TASK REQUIREMENTS:
Reproduce, exactly and only, the lines of the data that follows from the one containing "Vintage 1946 Gibson" down to the one containing "Erkek Kiremit Polo", without pictures.

AVAILABLE DATA:
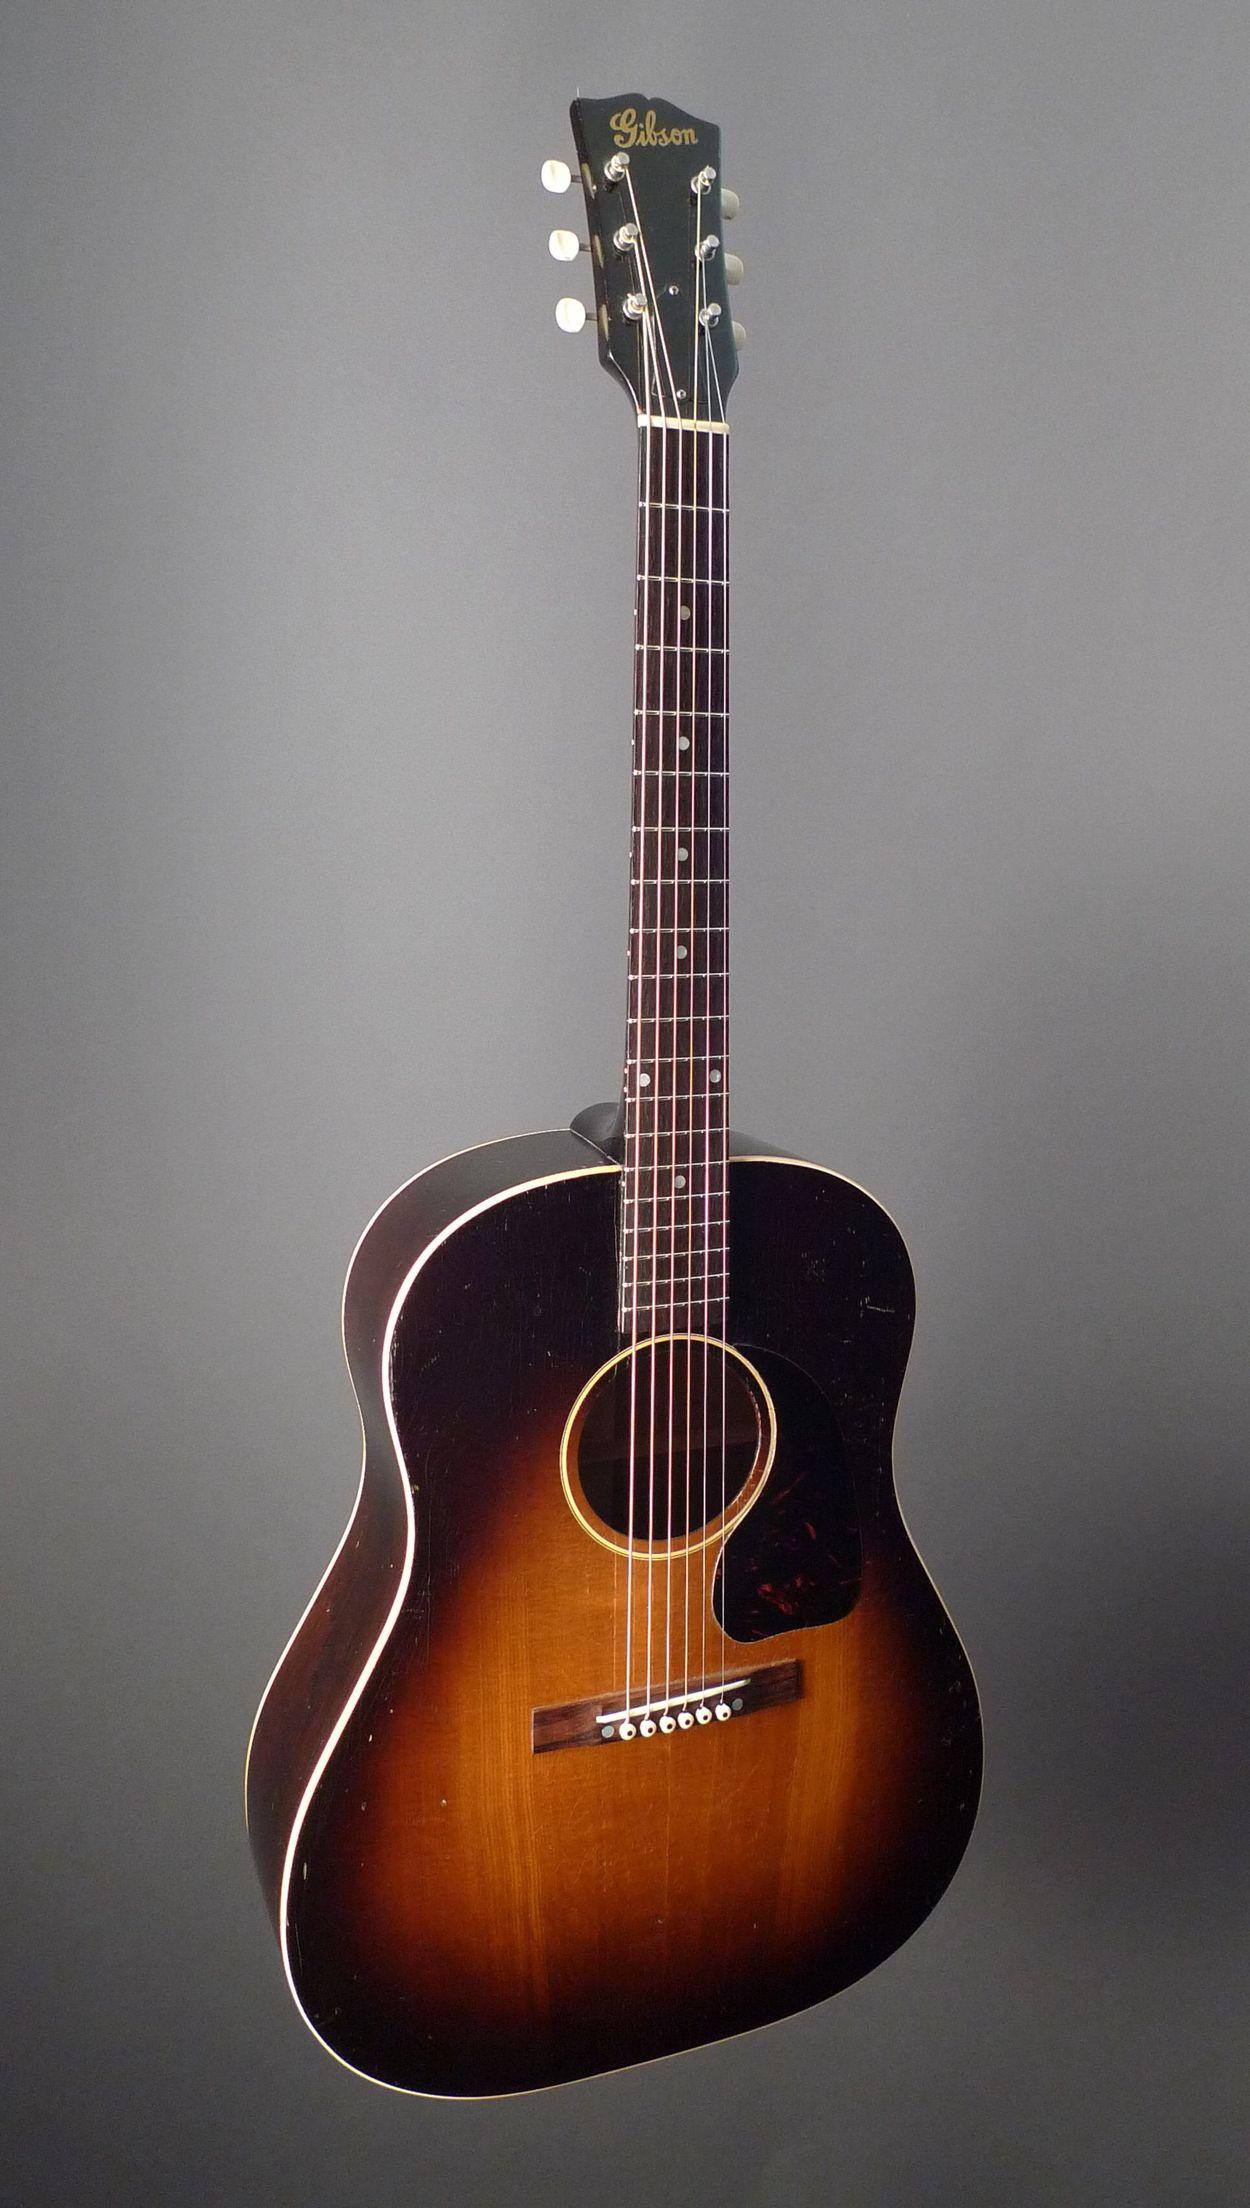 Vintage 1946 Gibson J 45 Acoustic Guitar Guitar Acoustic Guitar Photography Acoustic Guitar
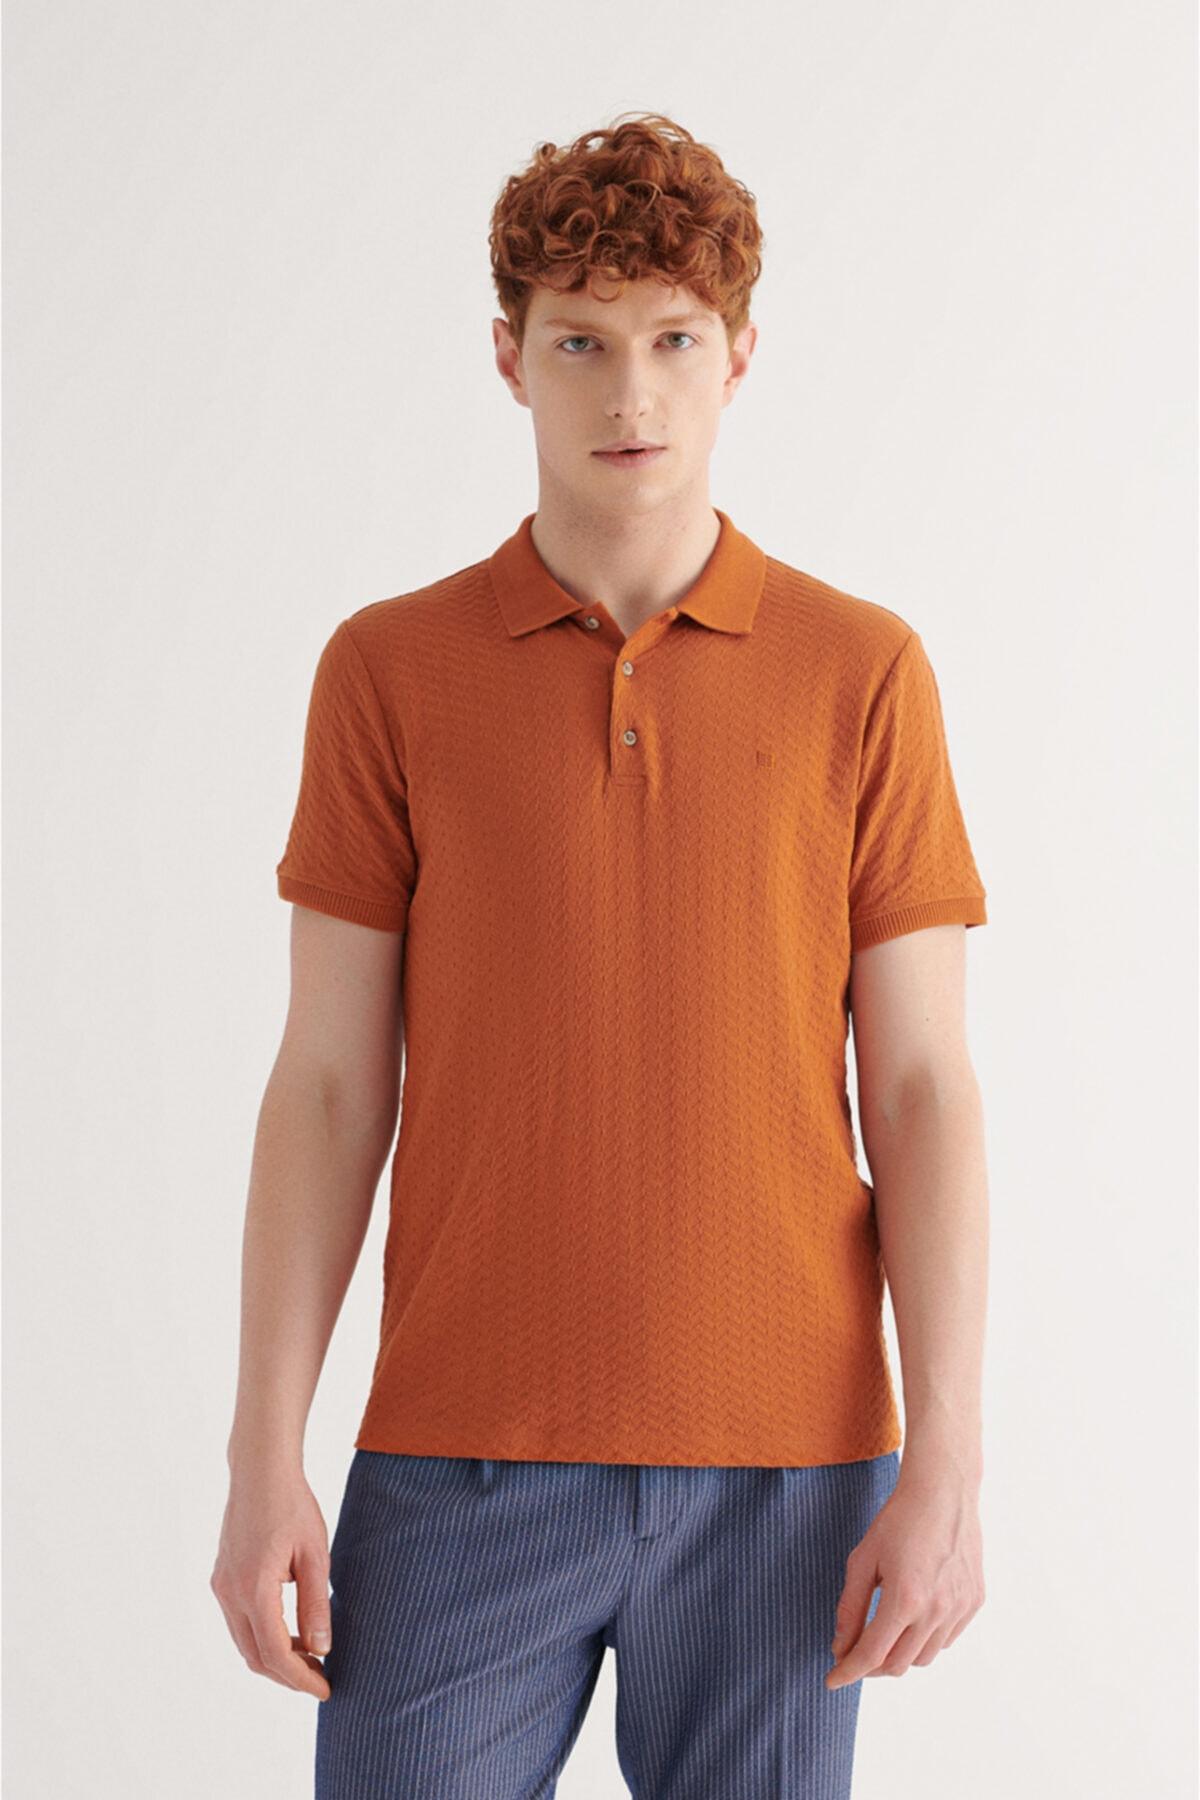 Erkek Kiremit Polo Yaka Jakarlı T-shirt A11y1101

...

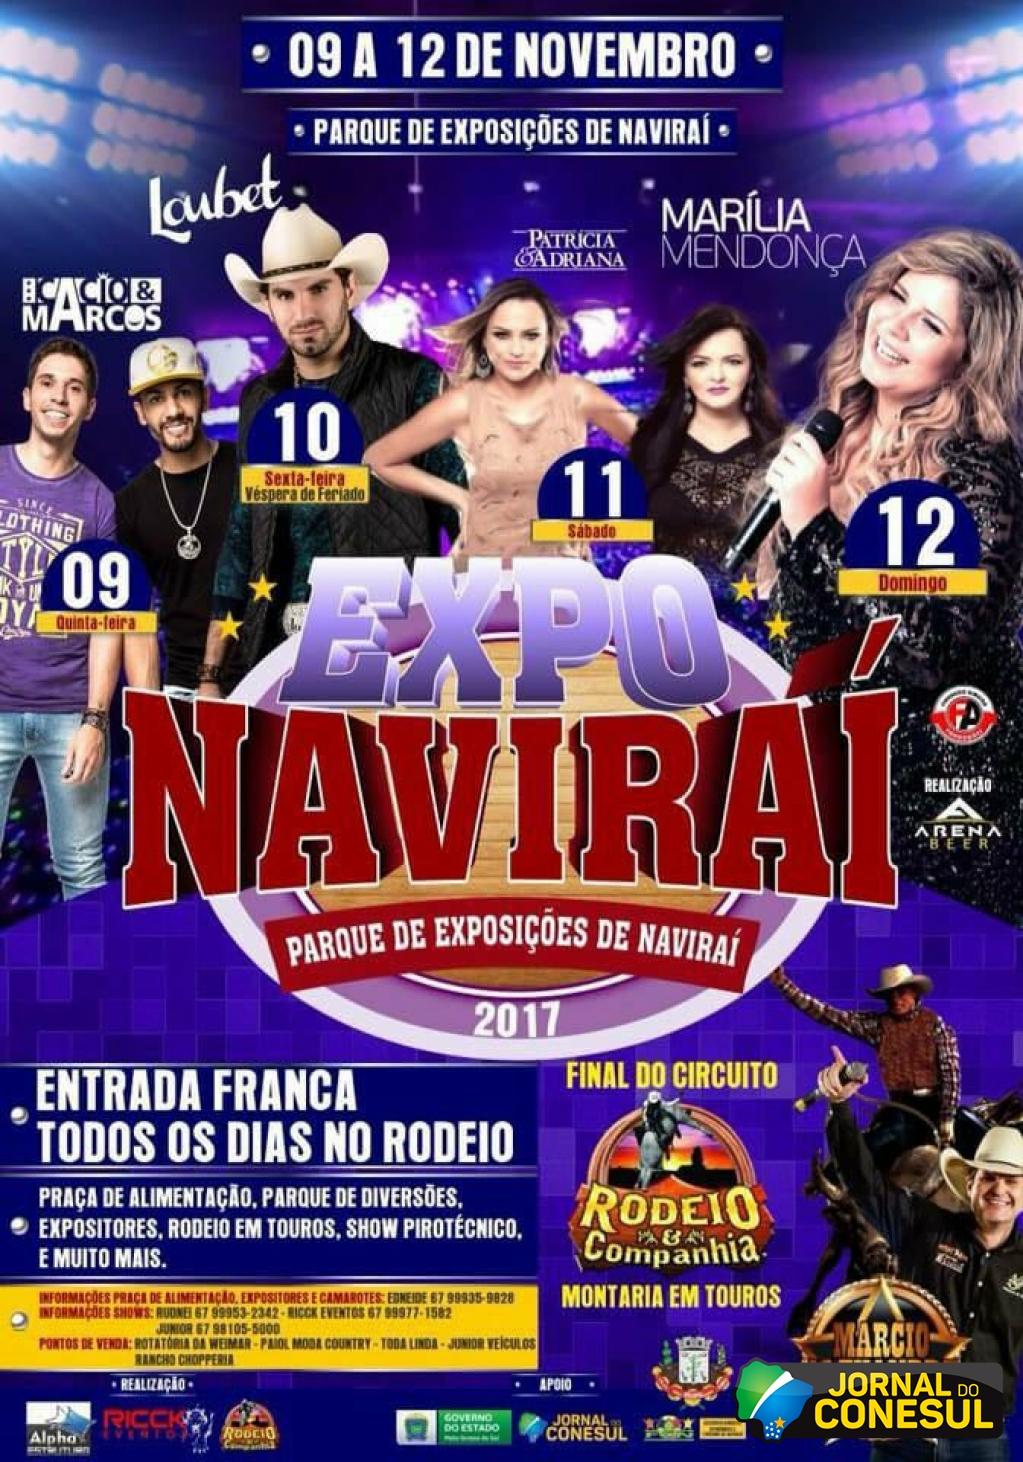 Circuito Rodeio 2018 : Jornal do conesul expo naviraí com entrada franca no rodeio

* * *

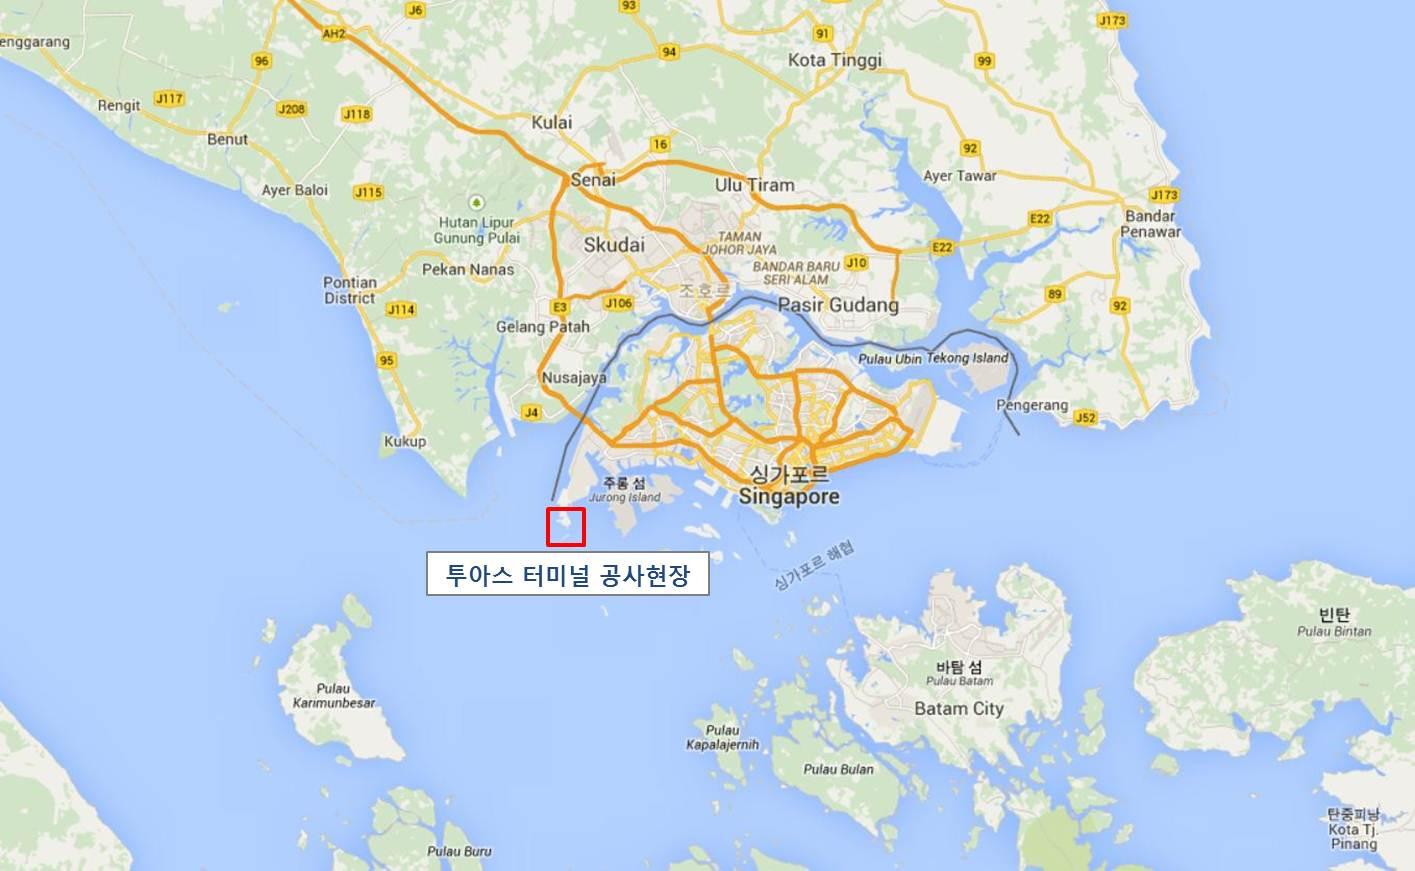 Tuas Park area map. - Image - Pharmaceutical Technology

PROBLEM SOLUTION:
 Vintage 1946 Gibson J 45 Acoustic Guitar Guitar Acoustic Guitar Photography Acoustic Guitar
 Erkek Kiremit Polo Yaka Jakarlı T-shirt A11y1101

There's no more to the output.